With every passing day as polling dates draw nearer, the election campaign in India is getting starkly split along ideological and development directions. The Prime Minister Narendra Modi is busy campaigning on the party’s ideology, this time, in its extreme form. This is unlike 2014 when the PM Modi mostly fought the election on hope and development. True, his connection to 2002 Gujarat riots was a matter of some honour for his supporters. They remembered it as the time when Muslims were taught a lesson. And this is why Modi has traditionally been shy of apologising for the killing of around 1000 Muslims under his watch. But then he also tried to diversify his image and add to it the dimensions of a good organizer, administrator and the promoter of Gujarats economic development. And through his 2014 campaign he put accent on his image of an economic reformer. And it clicked. He won a majority in the election on his own.
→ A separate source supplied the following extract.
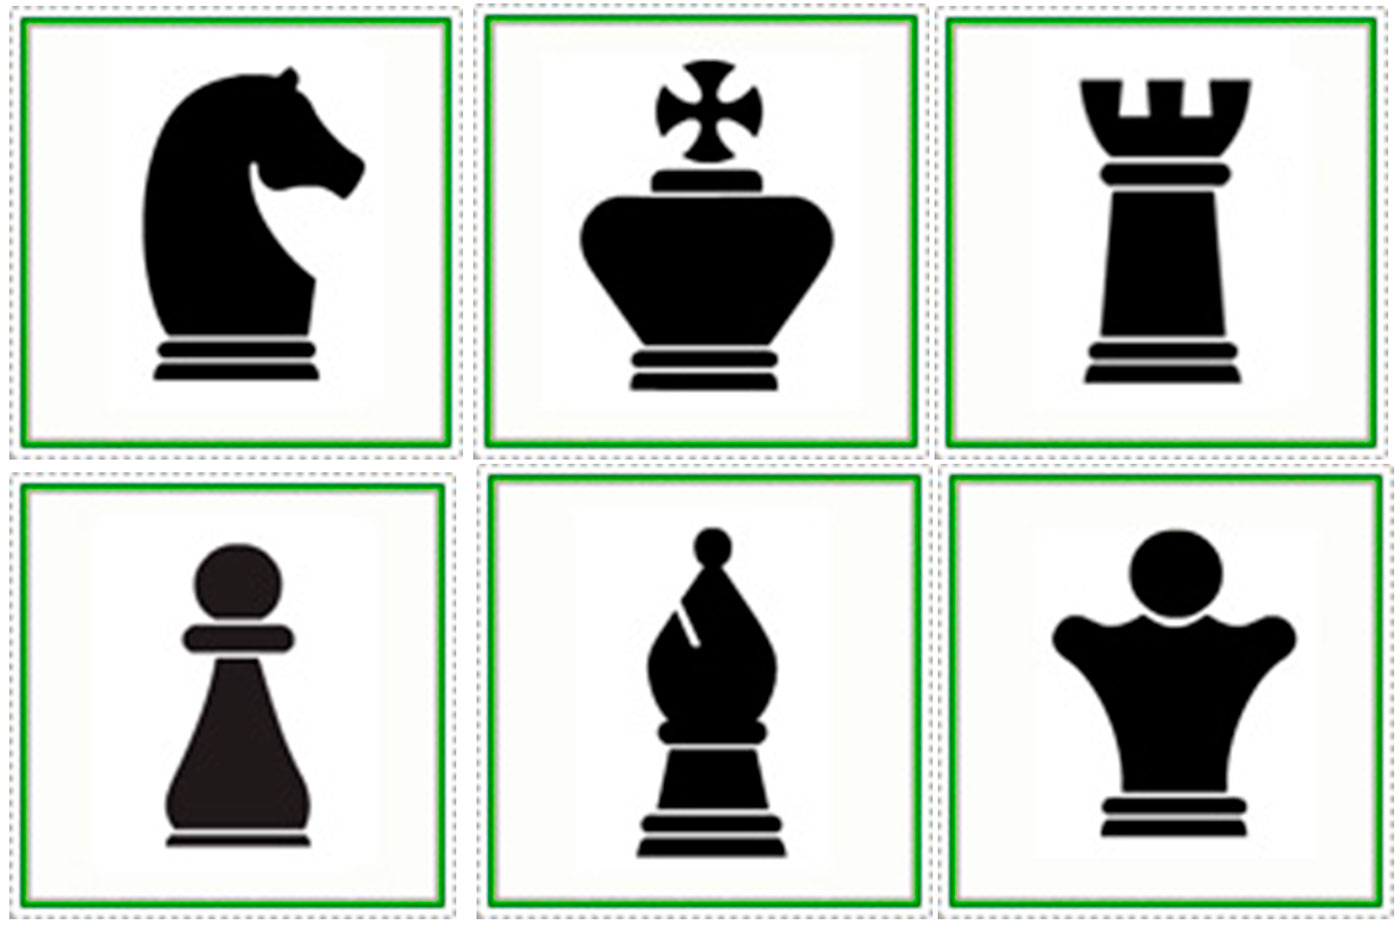 Шахматные фигура для распечатывания
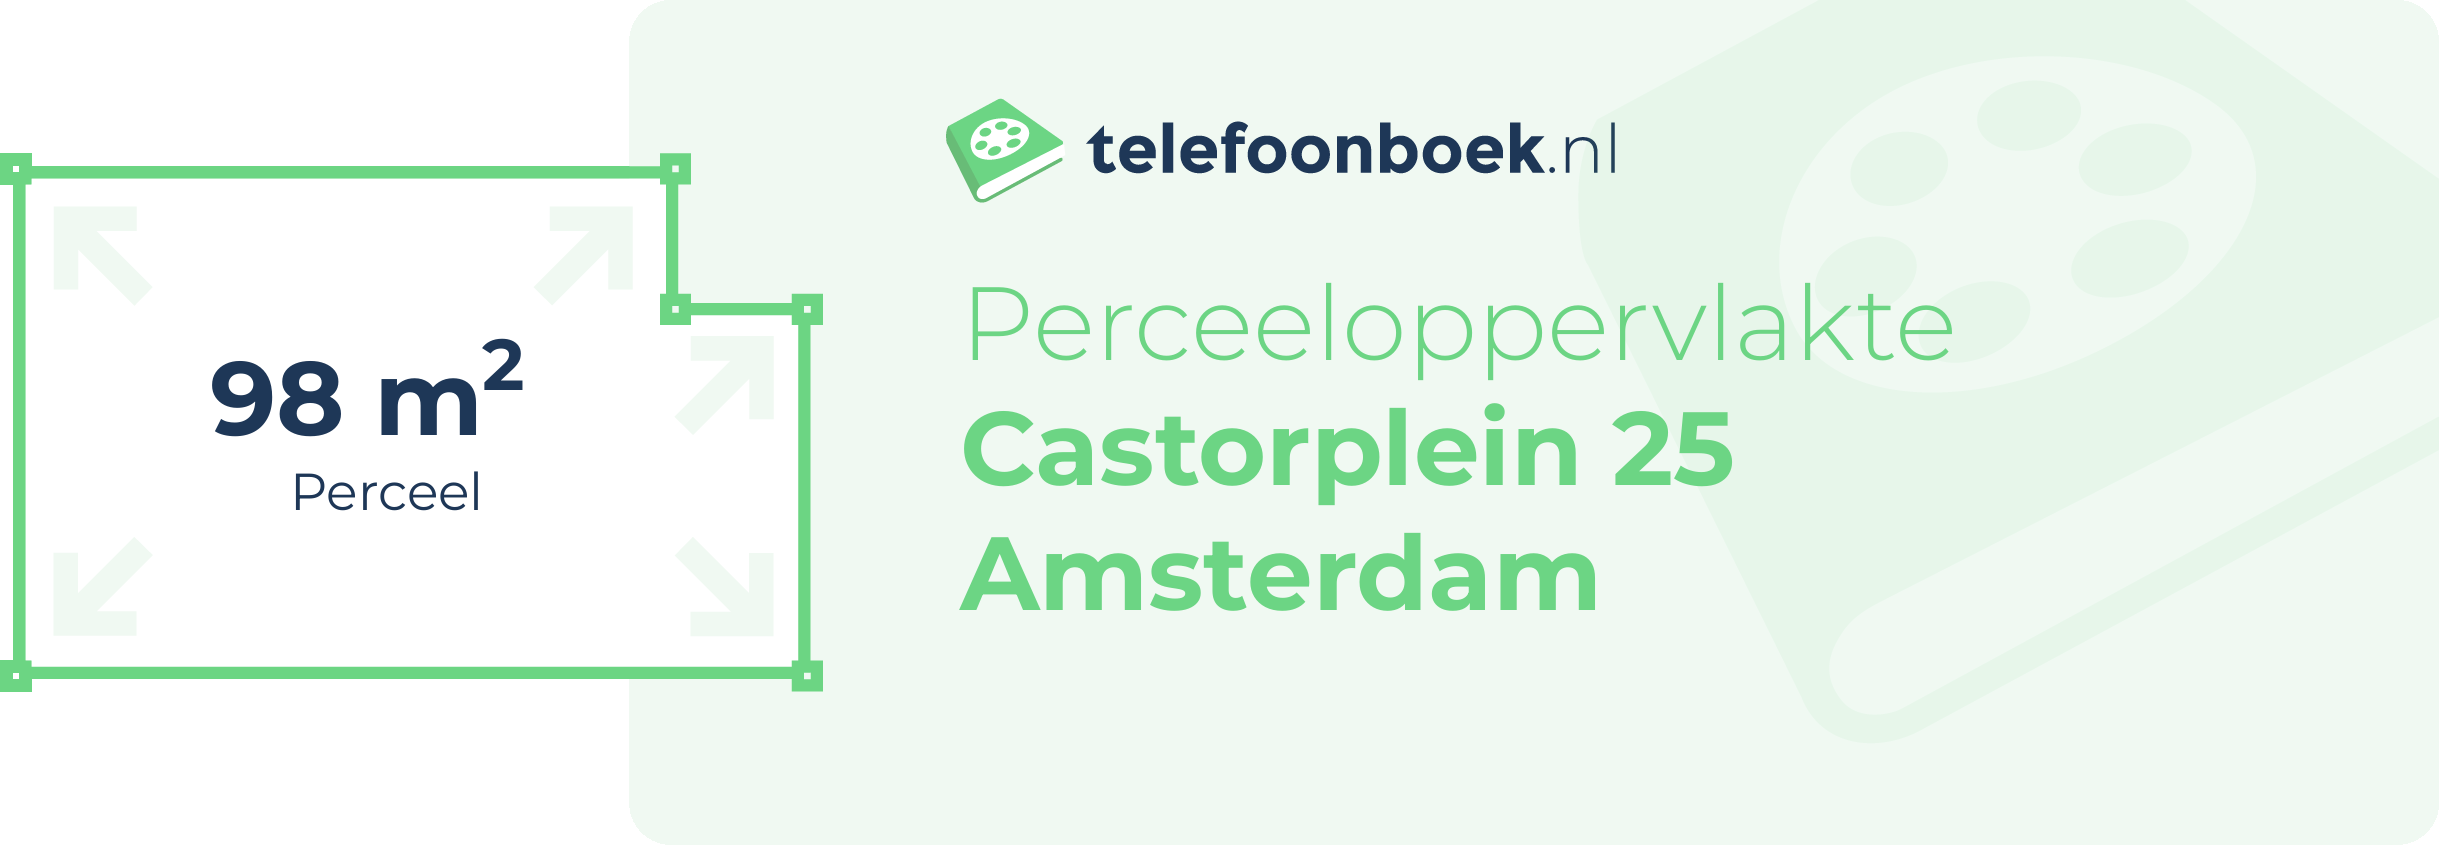 Perceeloppervlakte Castorplein 25 Amsterdam

But this time, Modi as the PM has chosen to play down his development mantra. And for obvious reasons. His unhelpful record on this front stands in the way. So, the PM has brought his party’s ideology in play. Kashmir, Pakistan, terrorism, security has become its staple issues. The BJP has taken recourse to its longstanding ideological position on J&K which in recent years has found increasing resonance with a significant section of the population across the country. The BJP has aggressively raked up issues about the troubled state to mobilize support in the rest of the country.
But, on the other hand, the Congress has aggressively plied a development agenda. Congress president Rahul Gandhi’s NYAY scheme promising Rs 72000 crore to the 20 per cent of the poorest families in India could turn out to be a game changer in the upcoming Lok Sabha elections. People, under the scheme will get money, if their income was less than the minimum Income, “irrespective of whoever they are whichever state they lived in or religion they followed and whatever language they spoke”. The money is sought to be deposited in the bank accounts of the beneficiaries.
In its manifesto, the grand old party has said that the loan default by farmers would not send them to jail and that such default will be treated as a civil offence. The party also promised 22 lakh government jobs by next March. Slowly and steadily, the Congress has shifted the battlefield to economy while Modi has determinedly stuck to nationalism, security and terror. At the root, however, the contest is once again about the two ideas of India. And which is what makes it so critical for the country. The poll outcome will thus determine the ideological and development course of the country over the next five years. And here’s hoping it is a course that is equally salutary for the minorities of the country.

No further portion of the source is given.